It is widely recognized that ancient Egyptians were among the first to study and categorize essential oils. They created oils, incense and perfumes and often had others apply the oils for therapeutic purposes. Welcome to massage.
While the earliest definitive references to massage come from China about 5000 BCE, references to medical “healing” through massage began to show up around 3000 BCE in wall paintings and carvings.
One of the earliest references to any kind of massage was found in the adornments of the tomb of Ptahhotep. Ptahhotep (25th century BCE, 5th dynasty) was a vizier, a top official serving the pharaoh. Both vizier and the pharaoh were depicted receiving a manicure, pedicure and having his legs massaged with oils by a servant. Many believe this to be an early positive record of reflexology.
Throughout the dynasties that followed, many depictions found on temple walls show foot massage, and scenes of the preparation of essential oils. Occasionally, a detail reference to massage as in those found in medical papyrus (dated to reign of Amenhotep III, 12th dynasty).

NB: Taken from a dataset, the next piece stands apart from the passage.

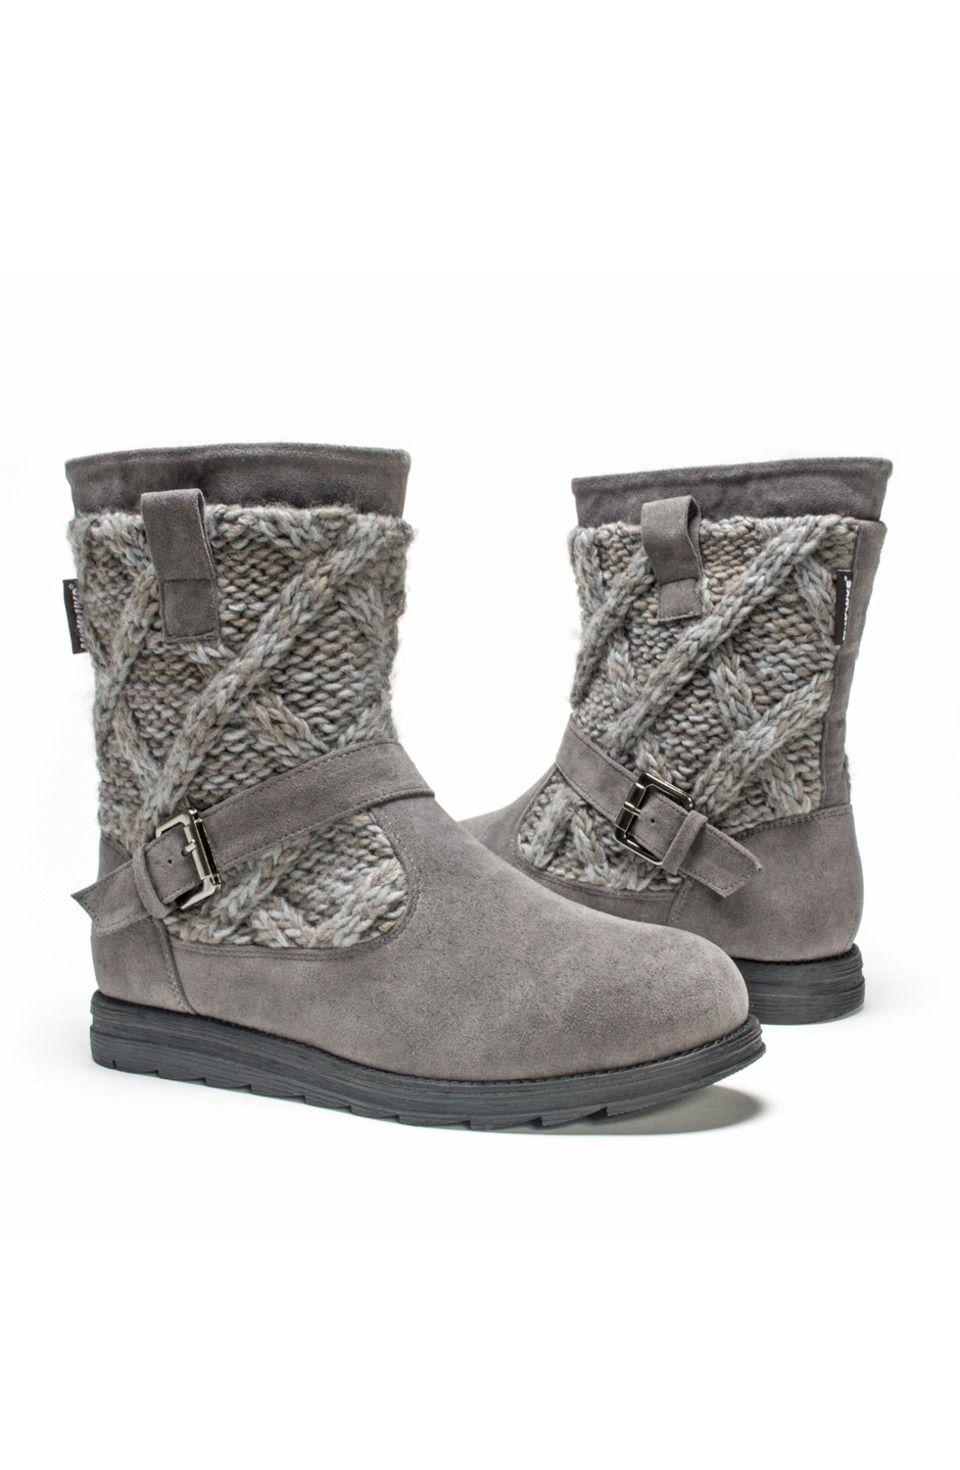 a43cb0d5389 muk luks - Gina Boots in Medium Gray | Shoe's, flats and high heels ...

In later times, therapeutic massage appeared to become more common among soldiers. Depictions of the battle of Kadesh show soldiers of Ramesses II receiving massage after a long march, for example.
Ancient Egyptian massage likely wasn’t the same as today’s therapeutic massage, although many of the elements have been incorporated. Egyptian massage, at least in the earliest form, focused on energy pathways (KA) and was all about correcting imbalances in blockages and restoring energy flow. This is similar to reflexology and many other eastern modalities of massage.
Practitioners of ancient Egyptian massage still exist today and elements of this type of massage are taught in many massage therapy programs.